Para a promotora de justiça do Piauí Maria do Amparo Sousa – que atua na
10ª Promotoria de Justiça (Núcleo de Promotorias de Justiça de Defesa da Mulher Vítima de Violência Doméstica e Familiar, NUPEVID) –, “tipificar o feminicídio contribui, em termos concretos, com a erradicação da violência no país e fortalece o trabalho tanto da polícia judiciária, como do Ministério Público, para garantir a devida investigação, persecução e punição de um delito que representa uma cultura de ódio e extermínio contra as mulheres. Tipificar o feminicídio para erradicálo”.

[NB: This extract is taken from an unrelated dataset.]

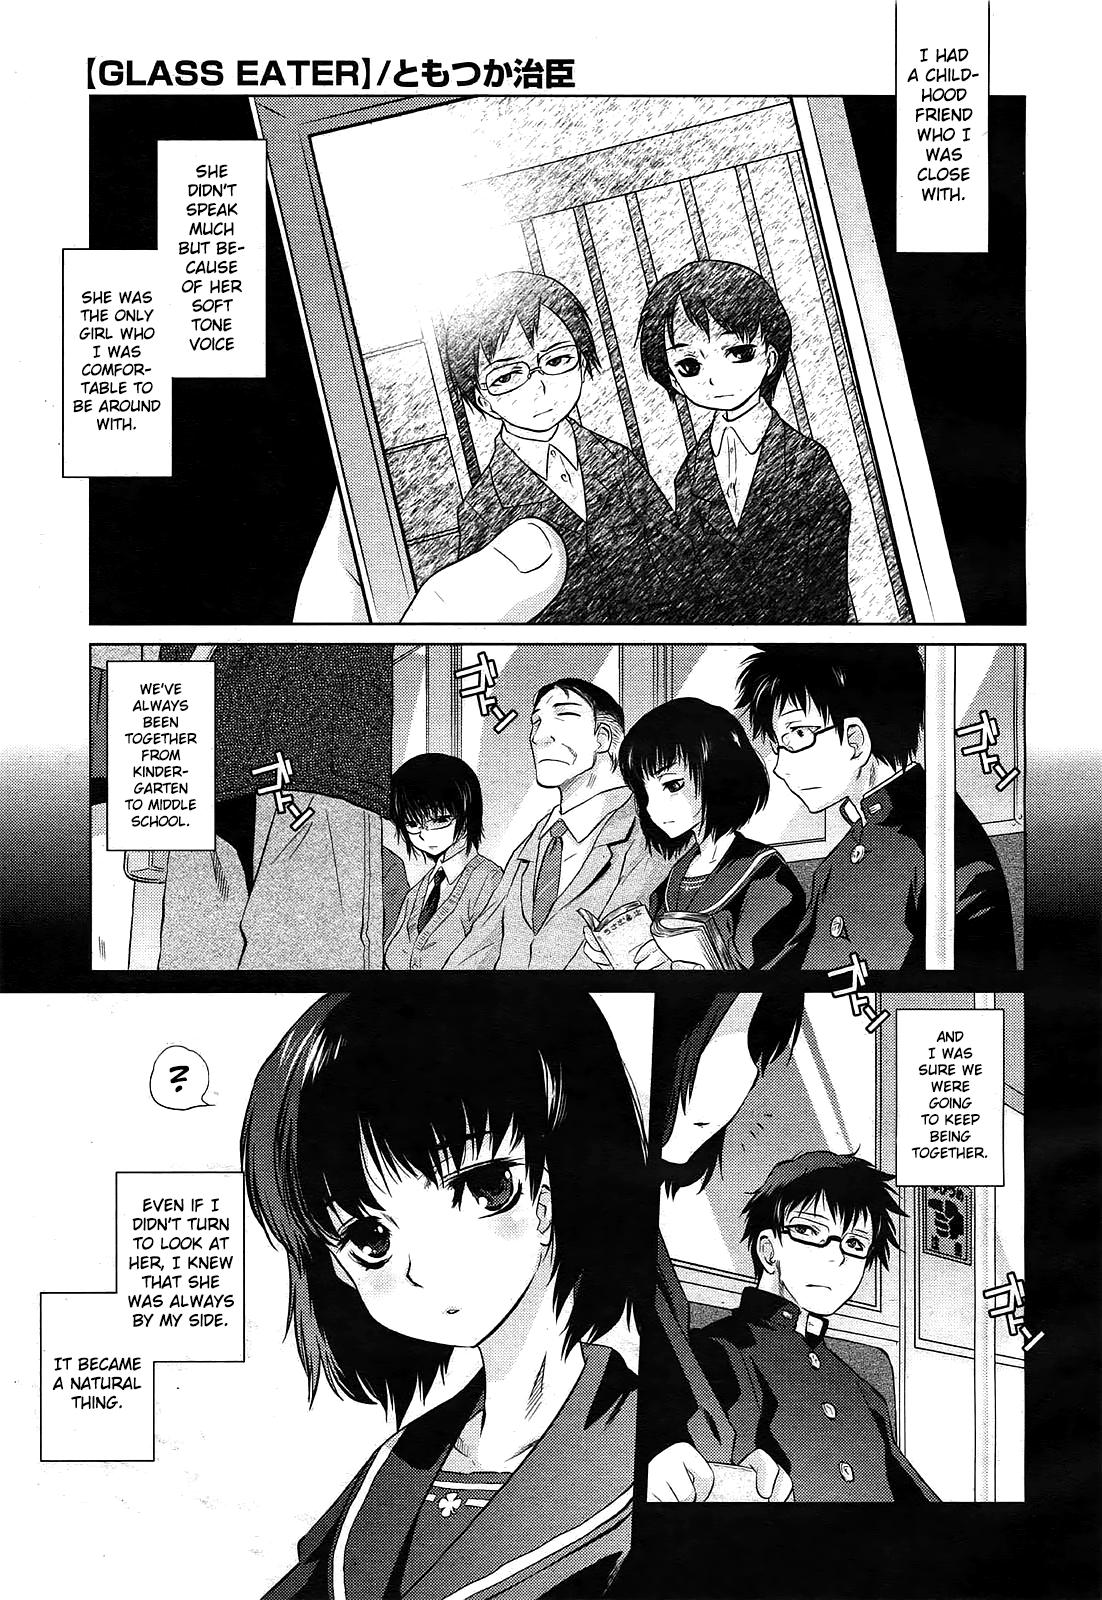 Glass Eater [ともつか治臣] (コミックゼロエクス Vol.30 2010年6月号) [英訳] 0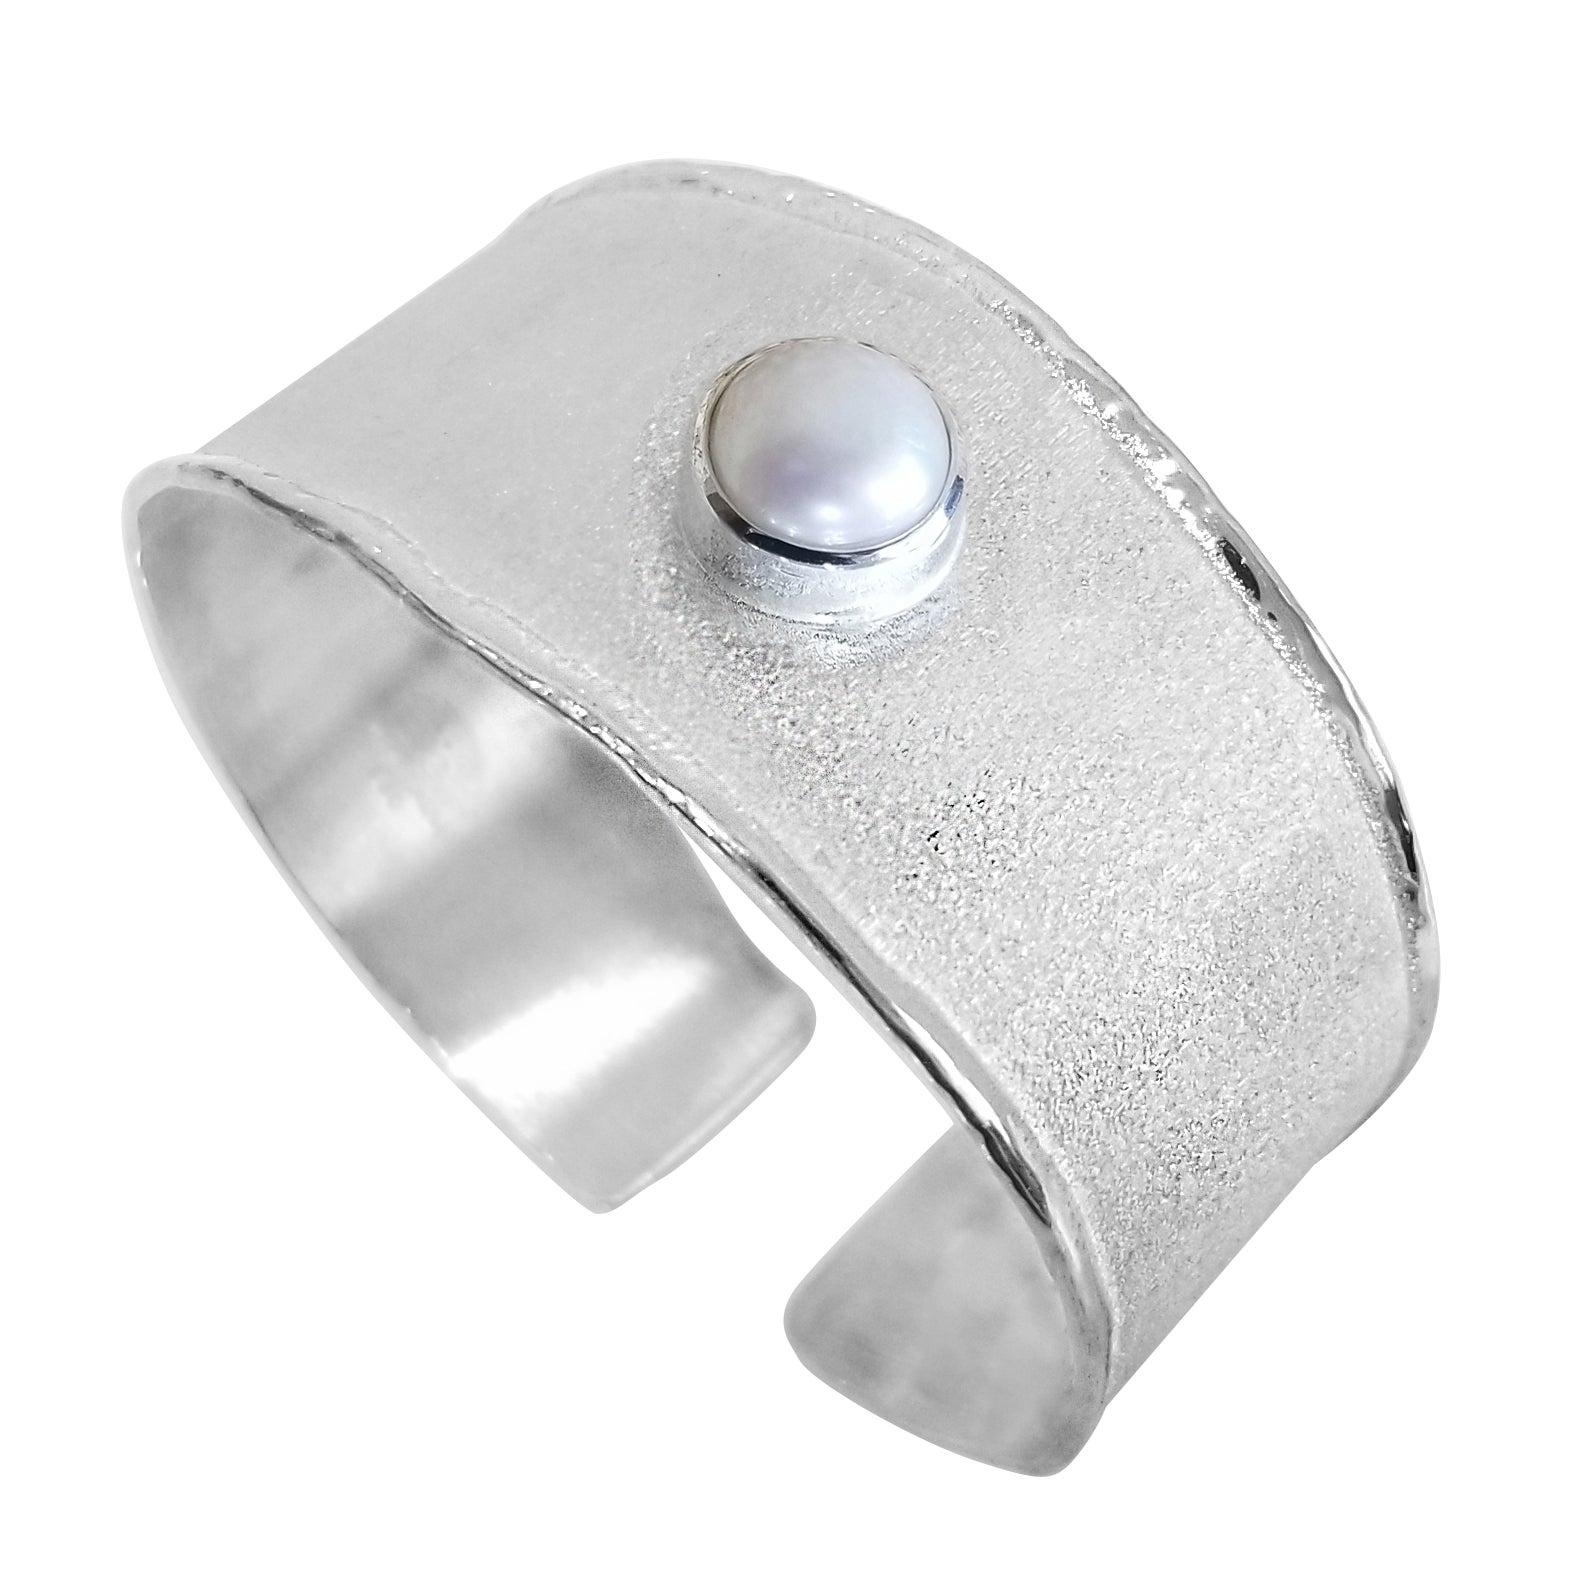 Yianni Creations Freshwater Pearl Fine Silver and Palladium Bangle Bracelet

Feminicídio: crime de desprezo e ódio contra mulheres A promotora de justiça Maria do Amparo Sousa entende que o feminicídio resulta do desprezo e do ódio em relação às mulheres, a expressão da violência extrema contra mulheres e meninas. “São um atentado contra a segurança da mulher, sua integridade, o seu direito à vida e à dignidade que clarifica a hipótese de que tais crimes sejam cometidos com um simples interesse: porque as vítimas são mulheres, porque sempre se pode assassiná-las e porque até o presente, infelizmente, existe impunidade na maioria dos casos”, diz. De acordo com a promotora de justiça, o Brasil atualmente ocupa o 7º lugar em morte de mulheres por razões de gênero, segundo pesquisa realizada em 84 países. Diante do aumento dos homicídios praticados contra mulheres, houve um anseio
da sociedade pelo agravamento da punição penal nessas situações. No Brasil, entre os anos 2000 e 2014, cerca de 4300 mulheres foram assassinadas, sendo essa uma tendência constatada em toda a América Latina. “A tipificação do feminicídio visa, ainda, impedir o surgimento de interpretações jurídicas anacrônicas e nos dias atuais inaceitáveis, tais como as que reconhecem a violência contra a mulher como ‘crime passional’, muito defendida nas sessões dos Tribunais dos Júris pela defesa dos agressores, bem como evitar a desconstrução da memória da vítima, como ocorre nos dias atuais, onde a vítima, além da morte física ainda tem a sua memória enlameada com insinuações sexistas de toda espécie”, enfatiza a promotora de justiça Maria do Amparo Sousa.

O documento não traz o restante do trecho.